◆ DATA EXTRACT:
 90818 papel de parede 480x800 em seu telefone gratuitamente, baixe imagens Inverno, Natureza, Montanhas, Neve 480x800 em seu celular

* * *

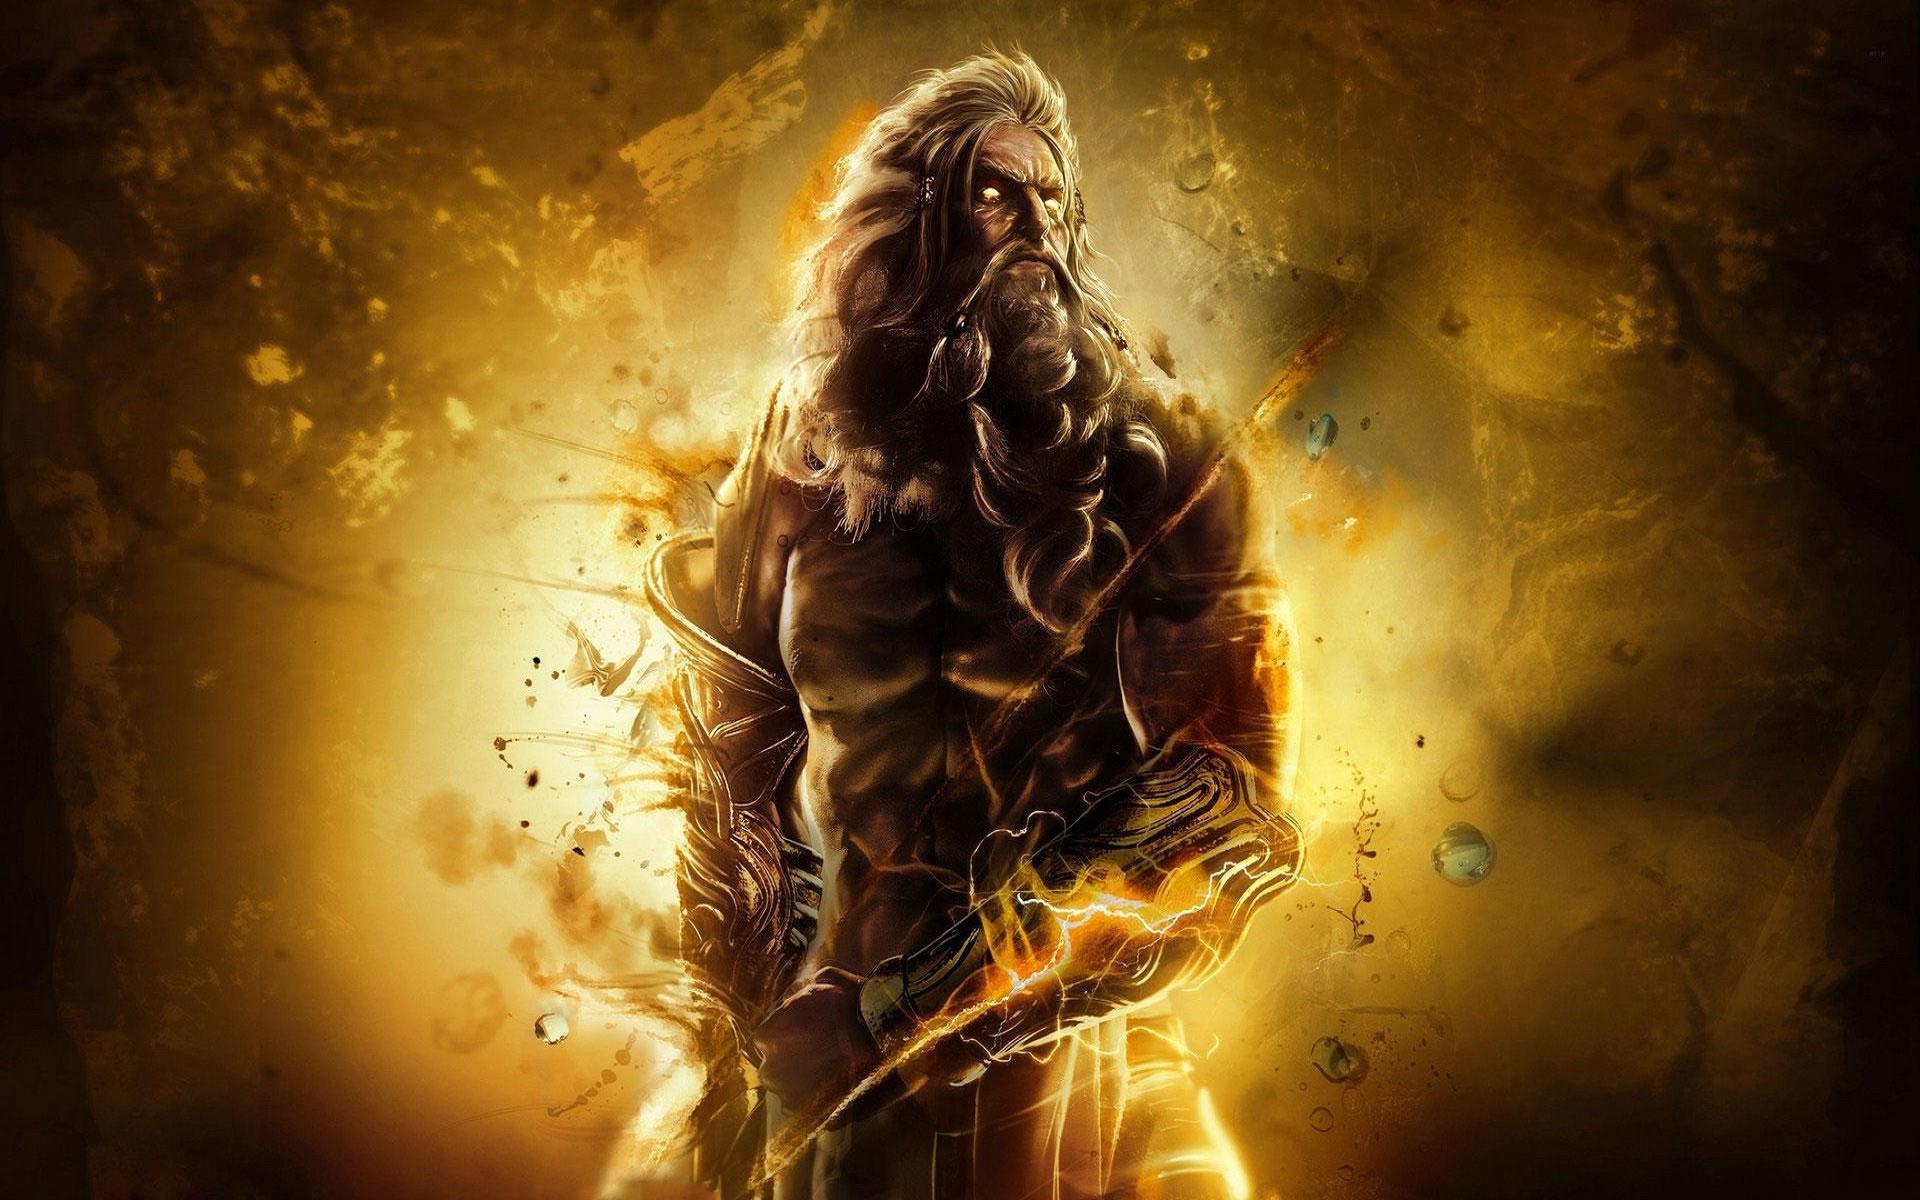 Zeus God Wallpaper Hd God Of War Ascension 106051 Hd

...

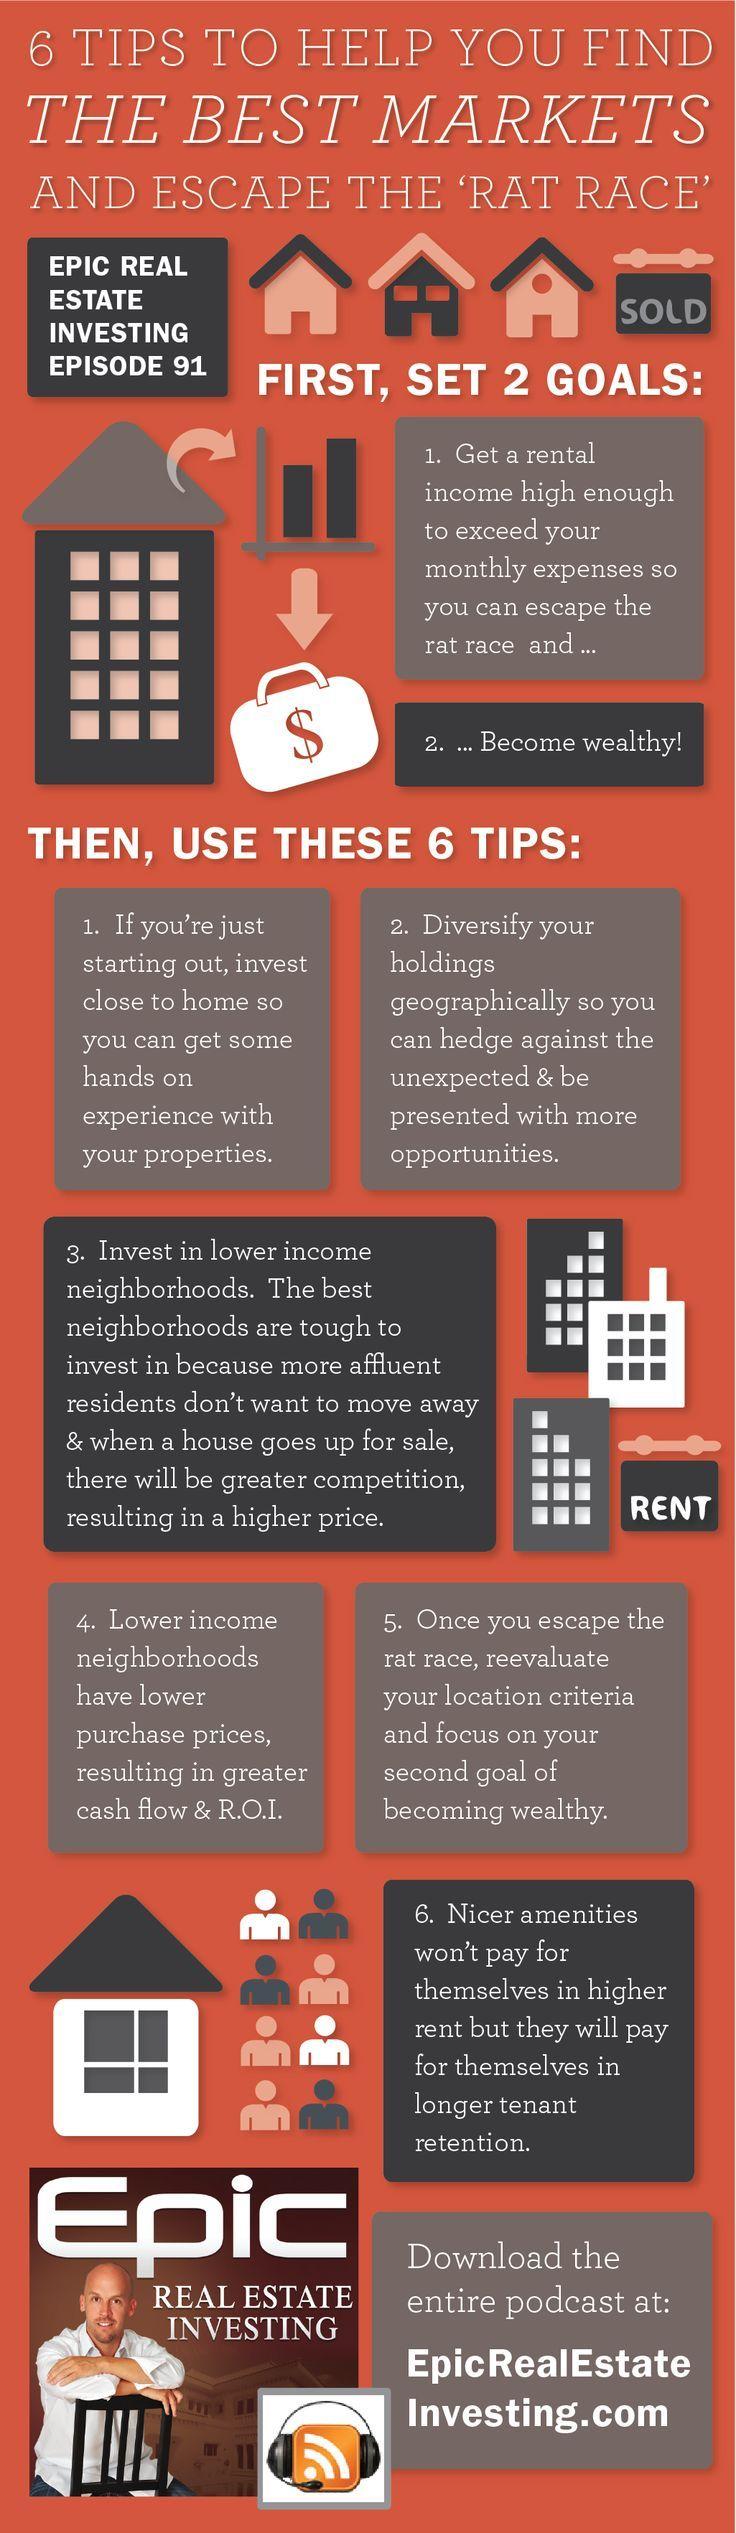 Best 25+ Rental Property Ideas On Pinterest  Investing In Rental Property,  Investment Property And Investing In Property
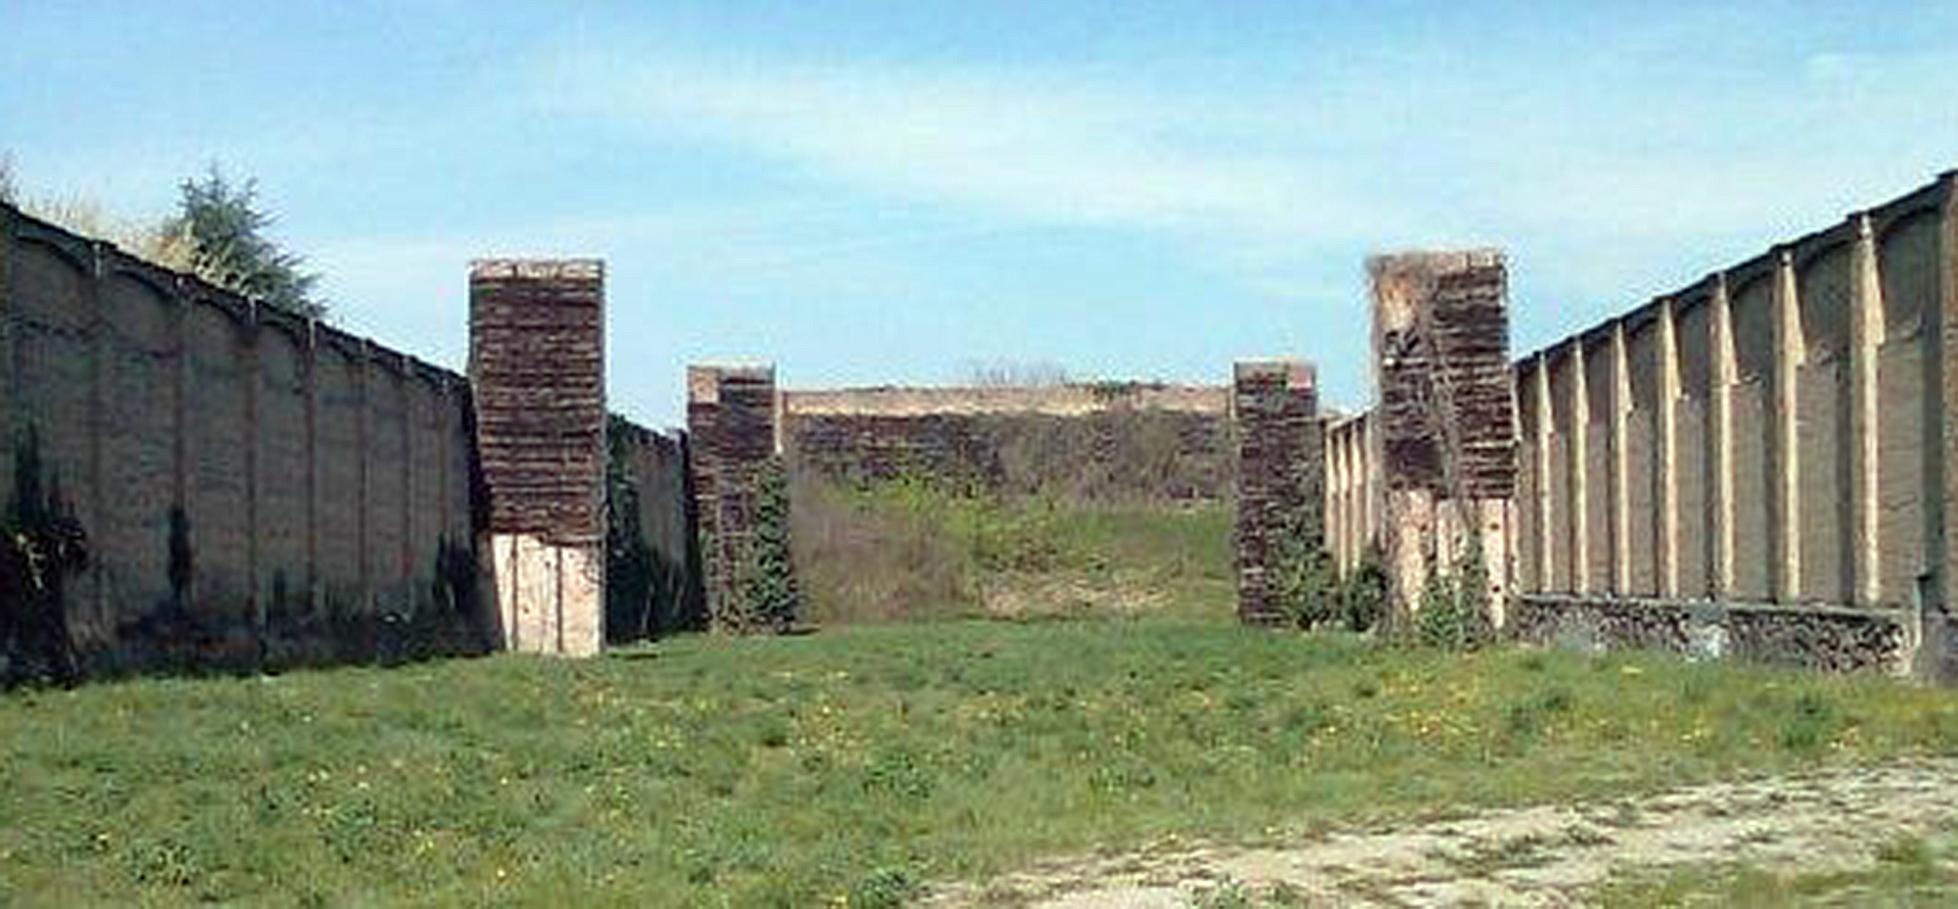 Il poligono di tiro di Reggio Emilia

◆ WORK INSTRUCTION:
Beginning with the line above that contains "Best 25+ Rental" and finishing with the line that contains "Il poligono di tiro di Reggio Emilia", print those lines exactly and only. Skip all pictures.

◆ SOLUTION:
 Best 25+ Rental Property Ideas On Pinterest  Investing In Rental Property,  Investment Property And Investing In Property
 Il poligono di tiro di Reggio Emilia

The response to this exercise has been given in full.